I read the han*d*book, but I haven't understood if it's possibile o*r* not.

*T*hanks.


----------



## varda (May 8, 2012)

In main .mc file:

```
FEATURE(virtusertable)
```
In virtusertable file:

```
domain.tld  username
```


----------



## antolap (May 10, 2012)

*I*t doesn't work. *I*f I send an email to test@mydomain in /var/log/maillog I read: 
	
	



```
relaying denied
```

Do I have to set also other files?


----------



## usdmatt (May 10, 2012)

I've never found a need to edit the .mc file to support virtusertable, it's in there by default.

The steps I usually do are as follows:

Add the domain to /etc/mail/local-host-names (one domain per line) to tell sendmail it handles mail for the domain. - This is probably why you get relaying denied.
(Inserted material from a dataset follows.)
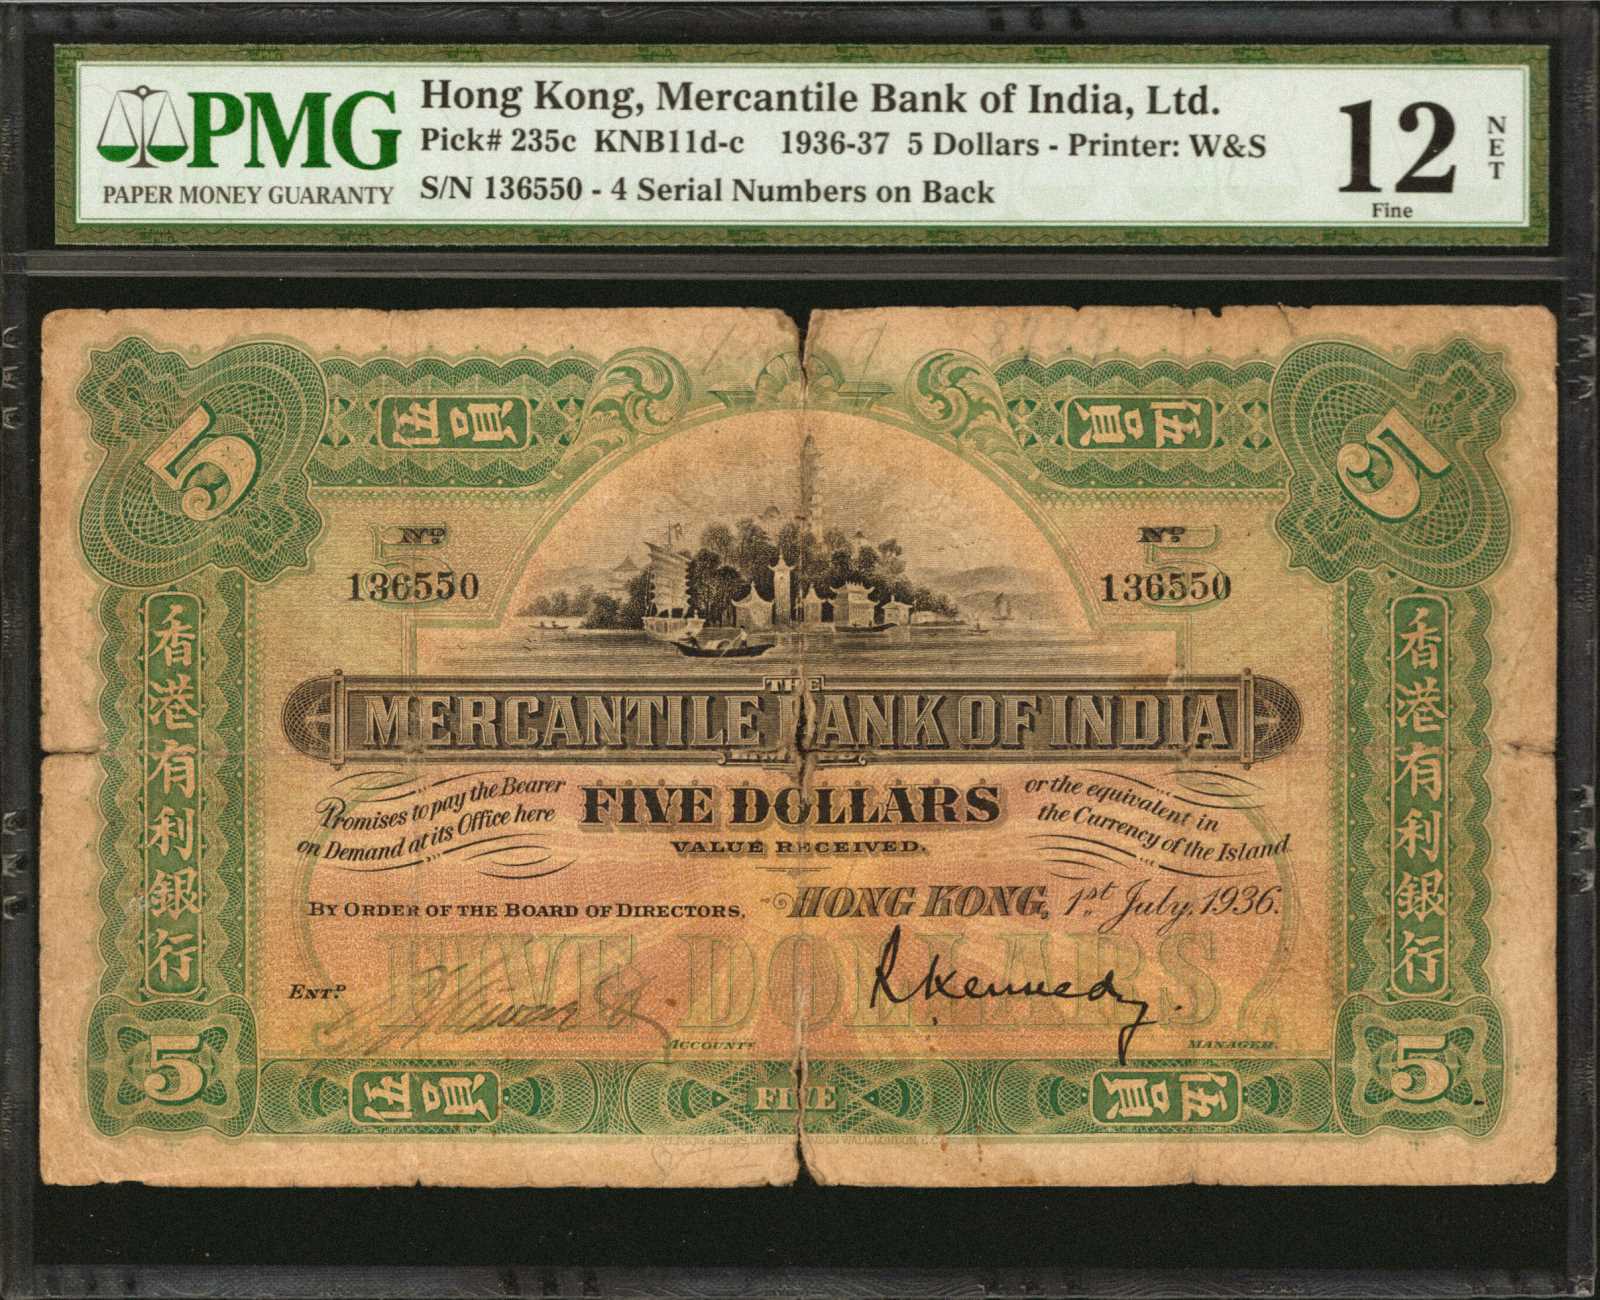 HONG KONG. Mercantile Bank of India Limited. 5 Dollars, 1936. P
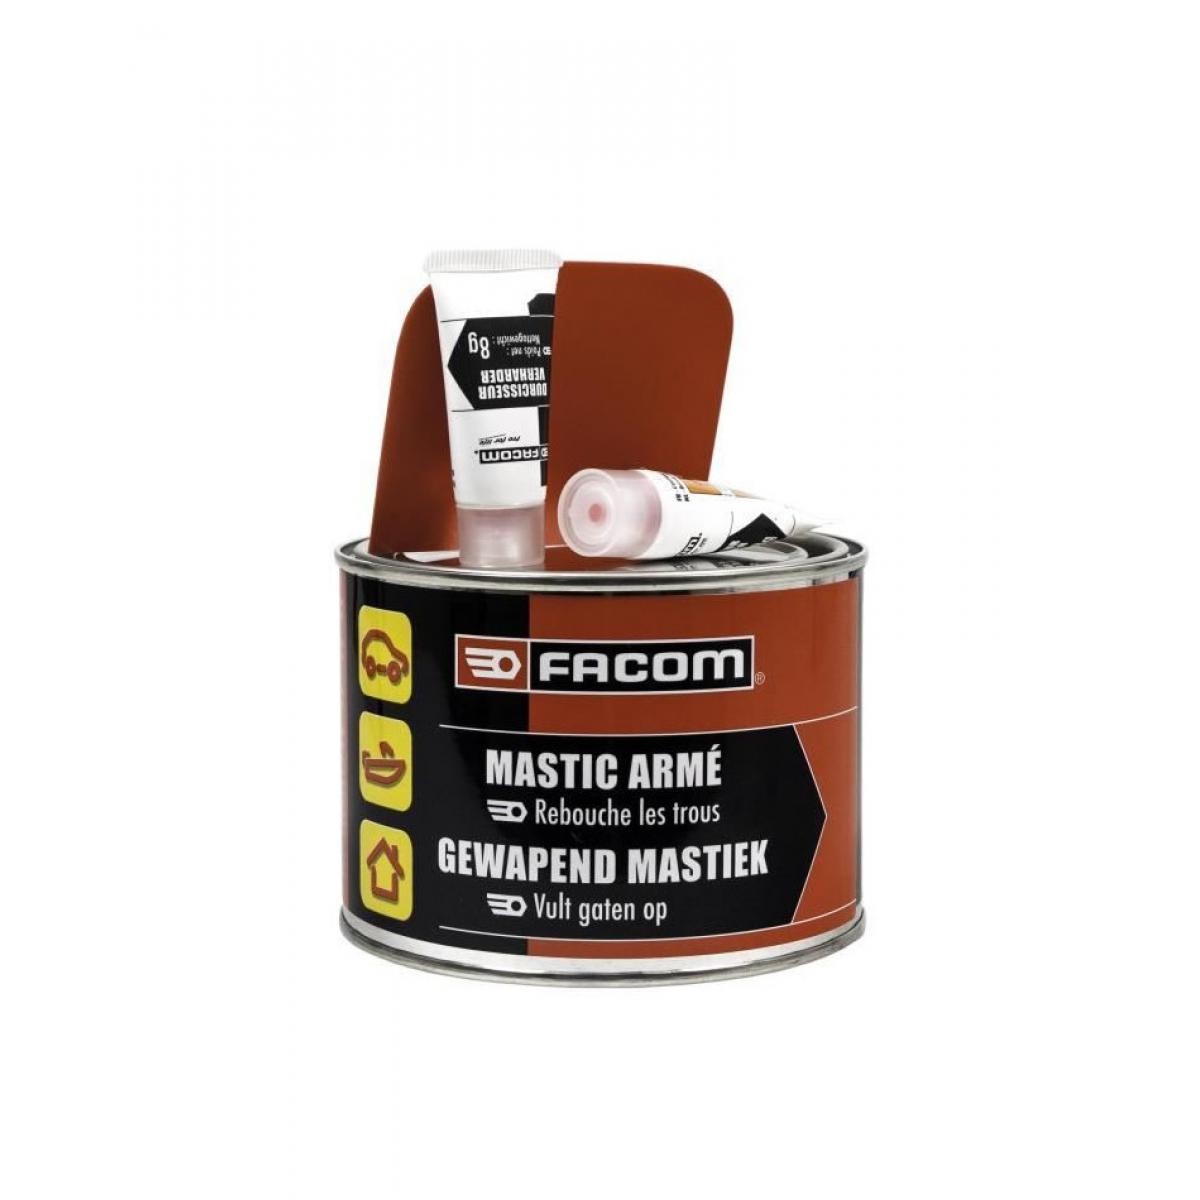 Facom - FACOM Mastic armé - Chagé en fibres de verre - 600 g - Mastic, silicone, joint

Add the following to /etc/mail/virtusertable
I always put the @ at the start but it may not be required


```
@domain.tld    user
```

Then run the following inside /etc/mail to rebuild & reload.


```
make install restart
```

I would say, however, having a catch-all is rarely a good idea. We see numerous dictionary based spam attacks against domains we host which would end up in massive amounts of email in the catch-all box if we enabled them. As long as you have entries in virtusertable for each email address you do want to use, I see little point in accepting anything else.

I usually do the following:


```
@domain.tld       error:nouser User unknown
sales@domain.tld  user1
info@domain.tld   user1
me@domain.tld     user1
you@domain.tld    user2
etc...
```


----------



## antolap (May 10, 2012)

*I*t doesn't work. *I*f I send an email to user@mydomain I get in maillog: 
	
	



```
User unkown
```

I would like to redirect all mails (directed to anyone) to one local user.


----------



## usdmatt (May 10, 2012)

What exactly do you have in your virtusertable at the moment?

If you want everything to go to one user, you should just have what I put in the first example (the first code block in my last post).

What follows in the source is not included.